▸ **The input**
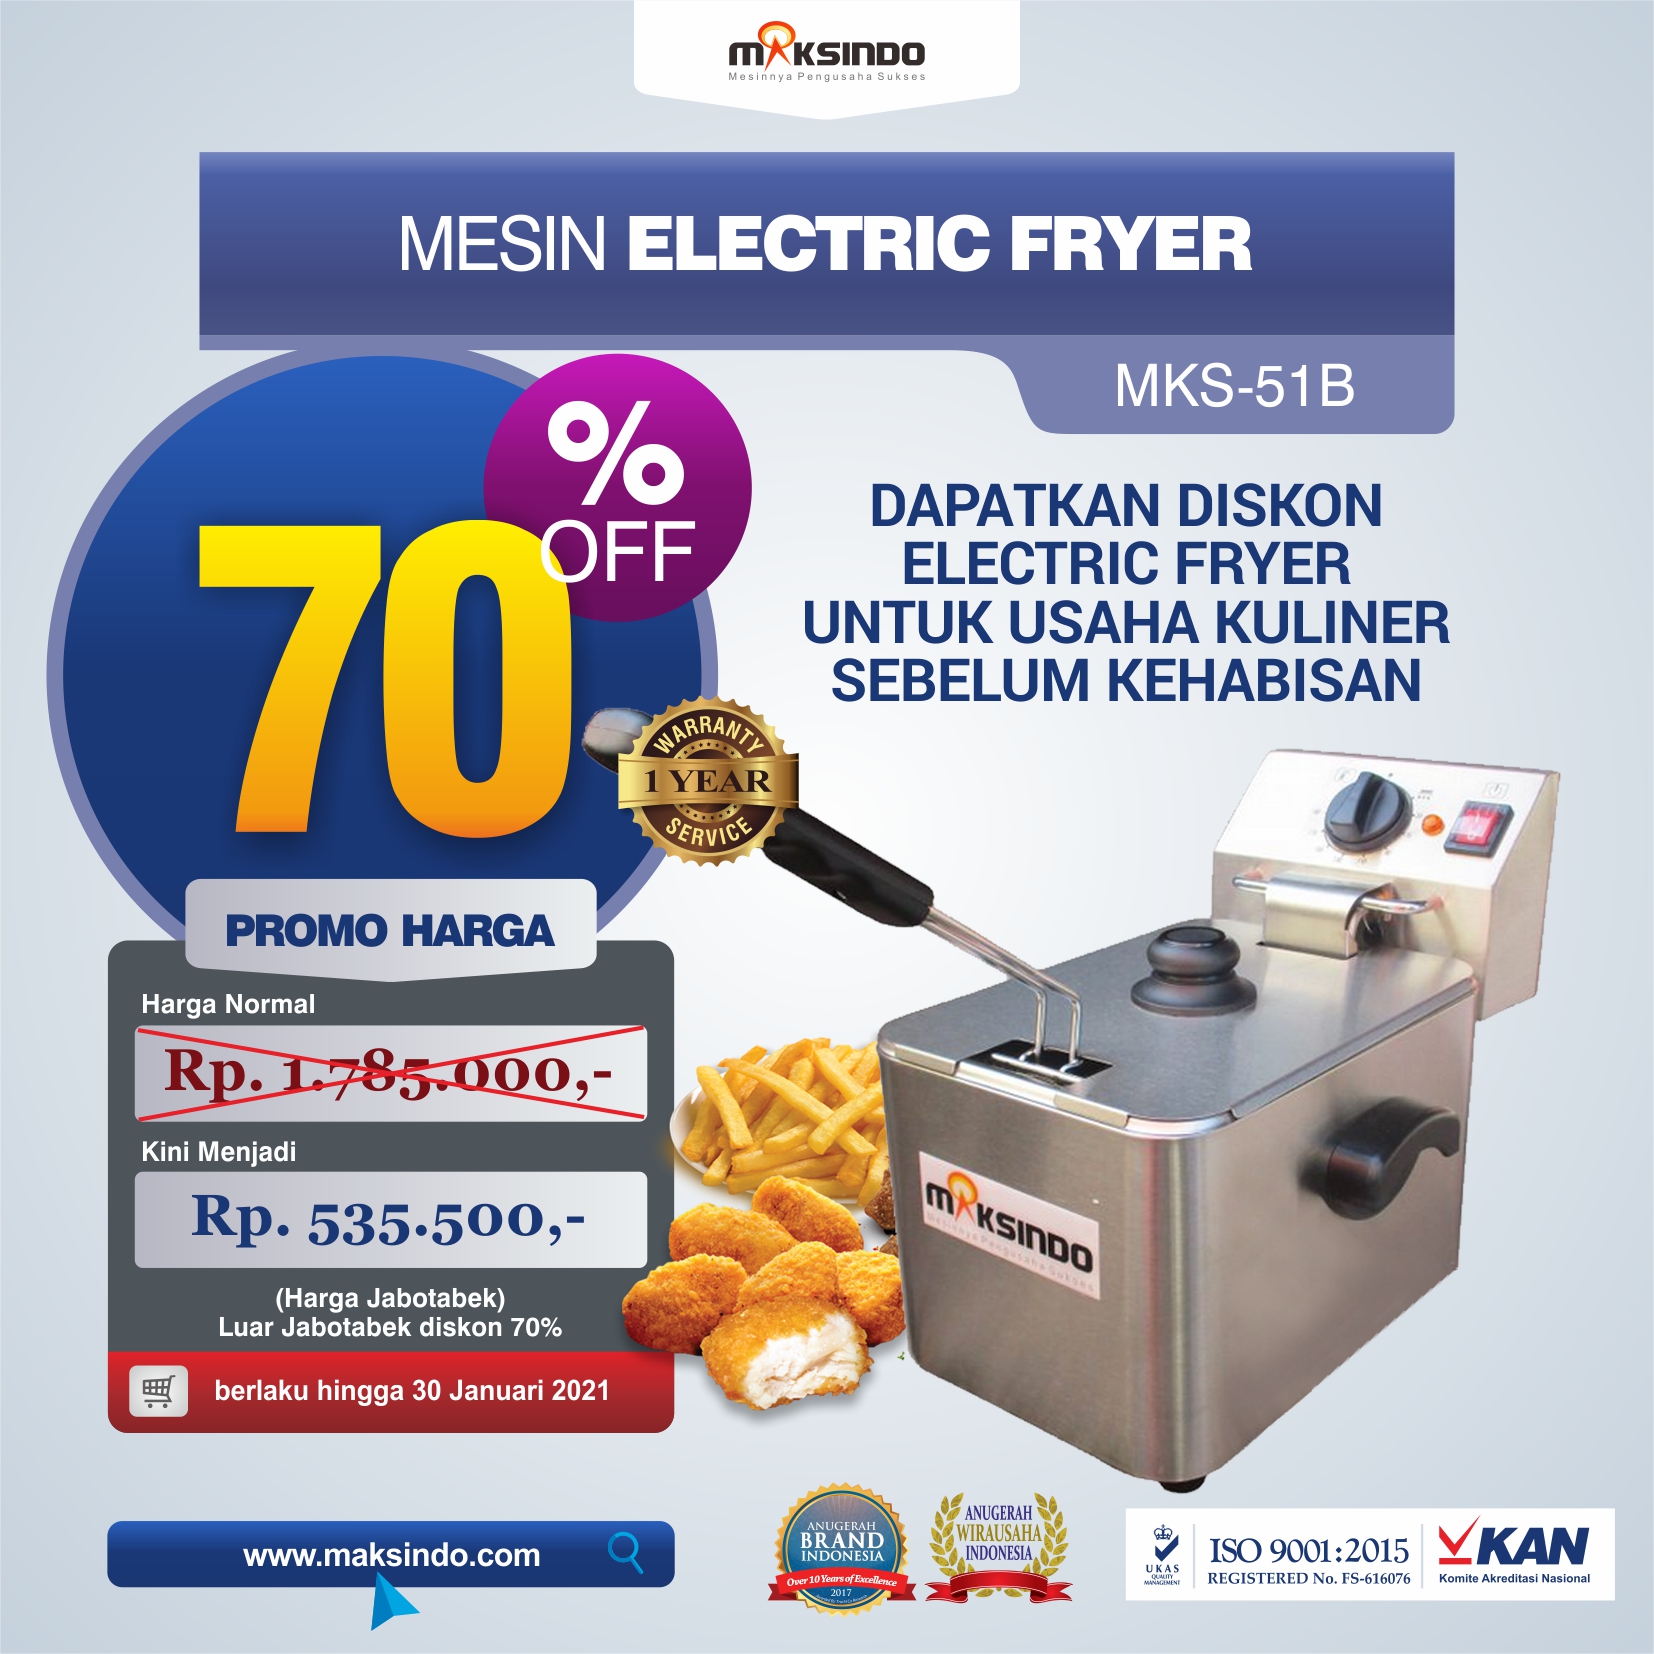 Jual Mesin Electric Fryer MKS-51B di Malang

--

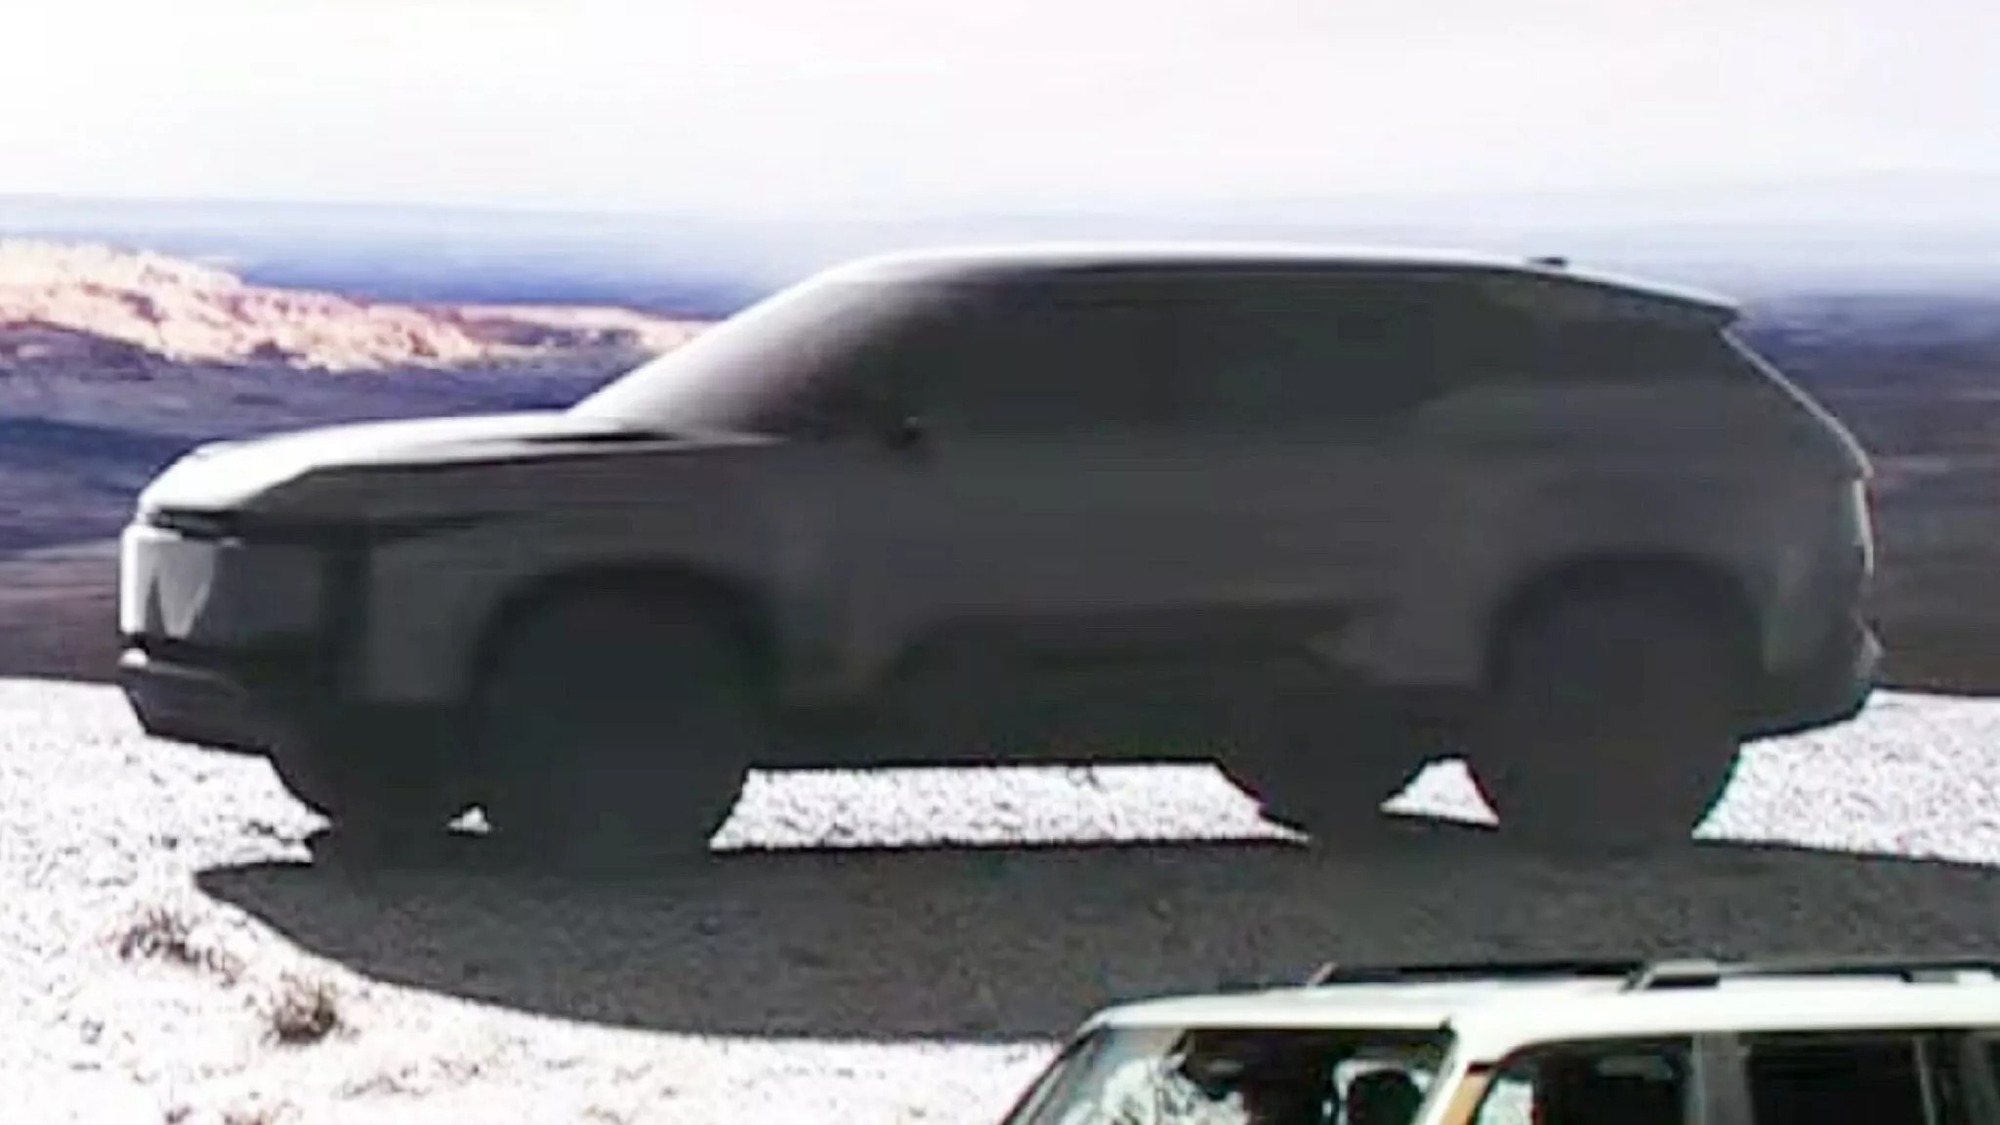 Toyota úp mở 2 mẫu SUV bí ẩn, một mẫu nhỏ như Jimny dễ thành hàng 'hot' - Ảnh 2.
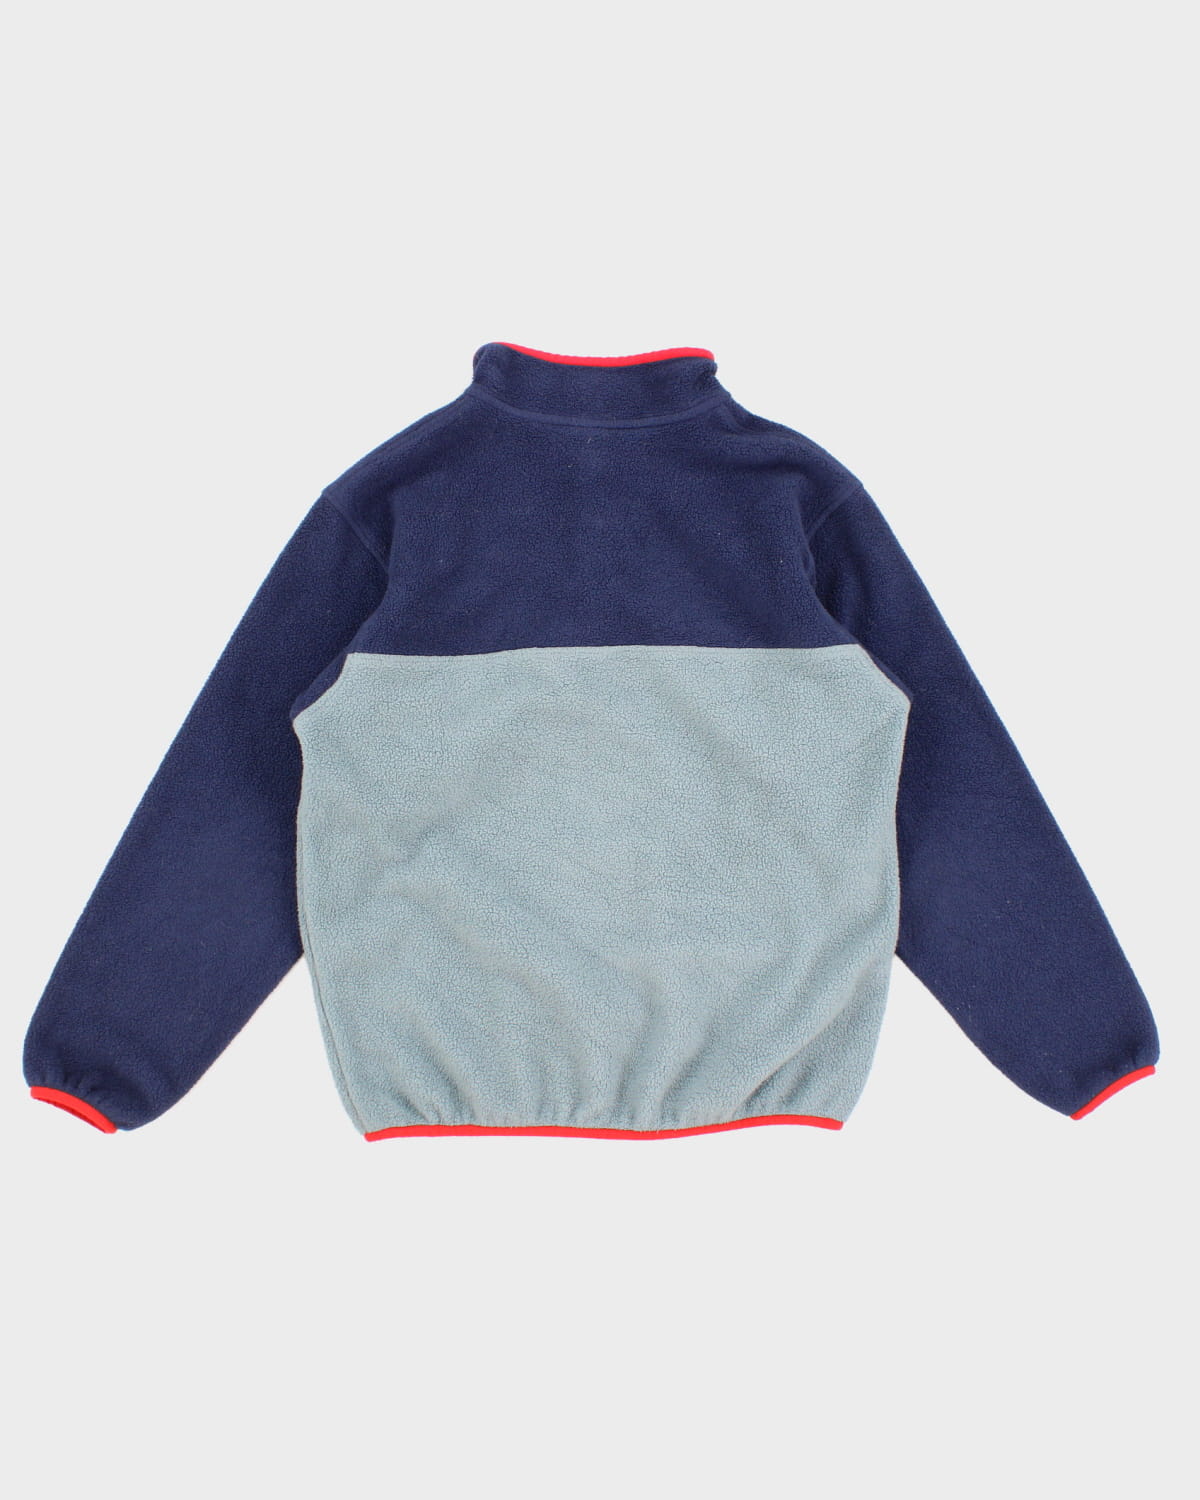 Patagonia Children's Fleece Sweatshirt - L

▸ **Aim of the exercise**
The stretch above running from the line with "Toyota úp mở" through the line with "Patagonia Children's Fleece Sweatshirt - L" is all you should copy, exactly, leaving out the pictures.

▸ **Task response**
 Toyota úp mở 2 mẫu SUV bí ẩn, một mẫu nhỏ như Jimny dễ thành hàng 'hot' - Ảnh 2.
 Patagonia Children's Fleece Sweatshirt - L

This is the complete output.